Find the relationship between consecutive months. Show the correlation through a scatter plot.
library(dplyr)
library(ggplot2)
library(lubridate)
# Aggregate the data by month
BitCoin_df_monthly <- BitCoin_df %>%
mutate(YearMonth = floor_date(Date, "month")) %>%
group_by(YearMonth) %>%
summarise(Monthly_Close = last(Close)) %>%
arrange(YearMonth)
# Create a new column for the previous month's closing price
BitCoin_df_monthly <- BitCoin_df_monthly %>%
mutate(Prev_Month_Close = lag(Monthly_Close, 1))
# Remove the first row with NA value in Prev_Month_Close
BitCoin_df_monthly <- BitCoin_df_monthly %>%
filter(!is.na(Prev_Month_Close))
# Calculate the correlation
monthly_correlation <- cor(BitCoin_df_monthly$Monthly_Close, BitCoin_df_monthly$Prev_Month_Close)
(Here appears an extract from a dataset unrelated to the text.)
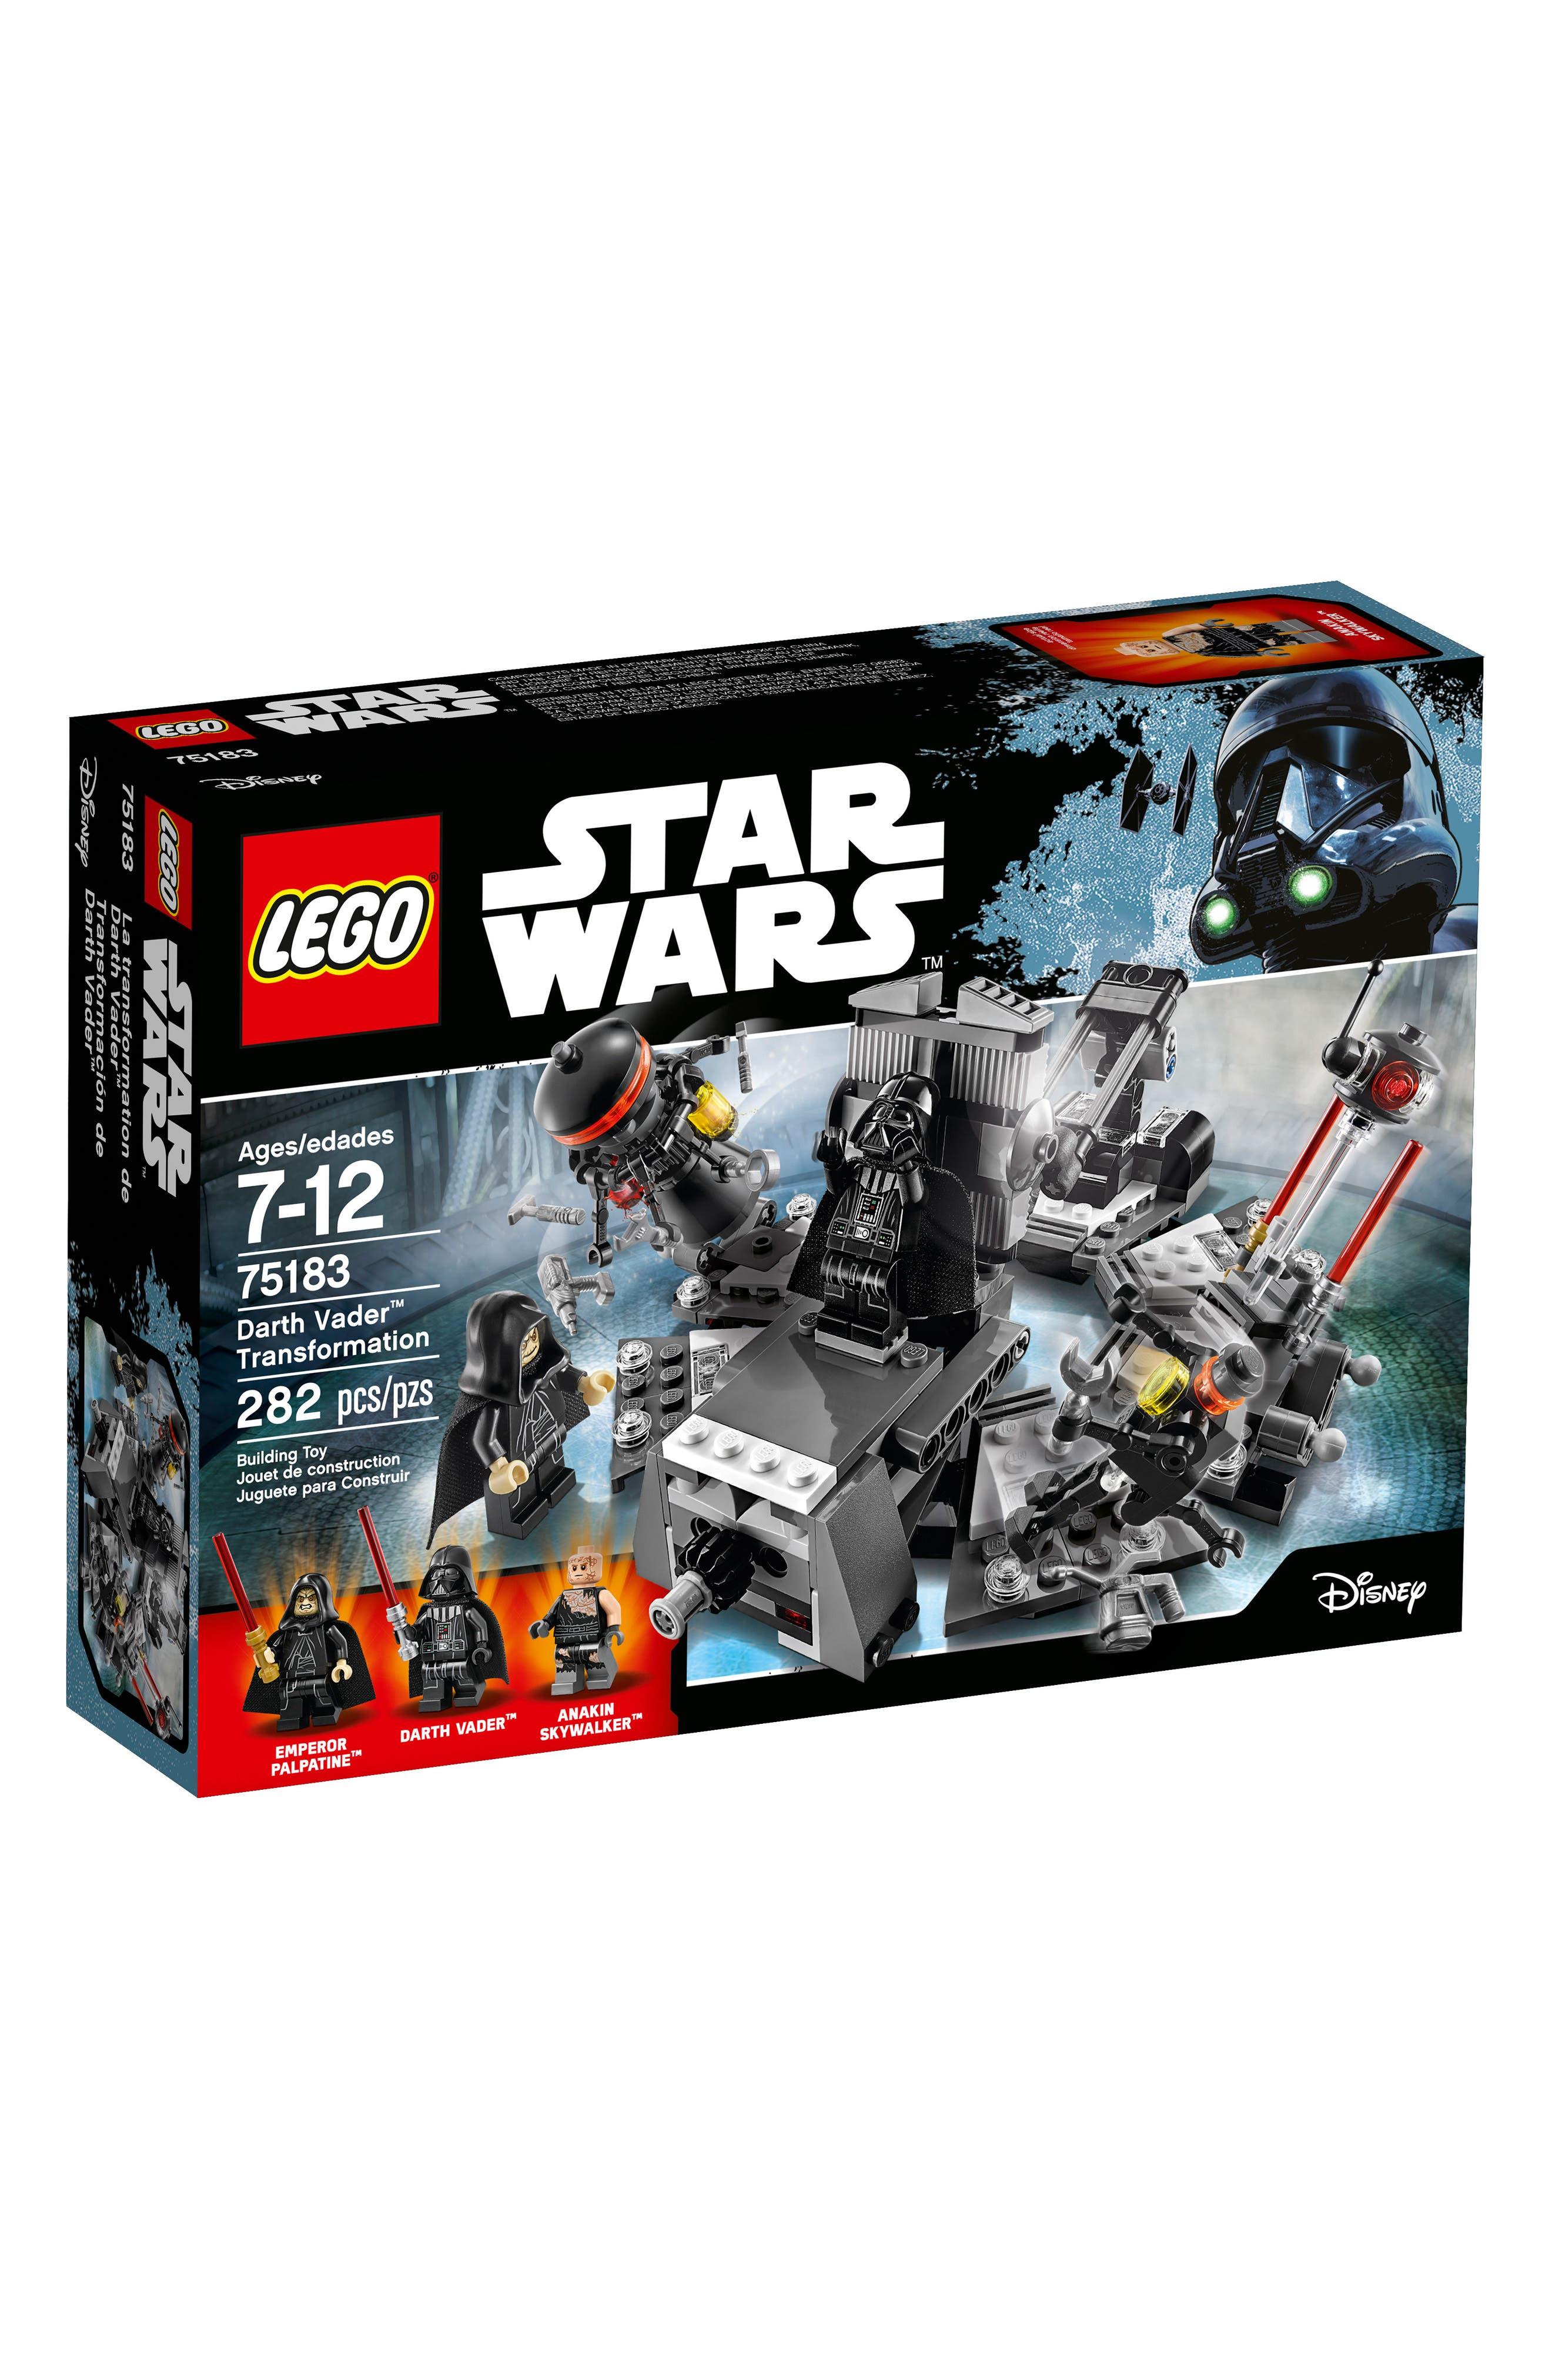 Star Wars<sup>™</sup> Revenge of the Sith Darth Vader Transformation - 75183,                             Main thumbnail 1, color,                             Multi

print(paste("Correlation between consecutive months: ", monthly_correlation))## [1] "Correlation between consecutive months: 0.961776393506846"
# Create a scatter plot
ggplot(BitCoin_df_monthly, aes(x = Prev_Month_Close, y = Monthly_Close)) +
geom_point(color = "blue") +
labs(title = "Scatter Plot of Consecutive Month Prices",
subtitle = paste("Correlation: ", round(monthly_correlation, 2)),
x = "Previous Month Close Price",
y = "Current Month Close Price") +
theme_minimal()
Code explanation here
The scatter plot provides a clear visual representation of the relationship between Bitcoin prices in consecutive months, highlighting the strong correlation 0.96 and linear trend, which are valuable for analyses and decision-making processes.
- Horizontal Axis (Previous Month Close Price): Represents the closing price of Bitcoin for the previous month.
- Vertical Axis (Current Month Close Price): Represents the closing price of Bitcoin for the current month.
- Blue Dots: Each dot represents the closing price of Bitcoin for a specific month plotted against the closing price of the previous month.
- Correlation Value: Displayed at the top of the chart, it quantifies the strength of the relationship between - consecutive month’s prices.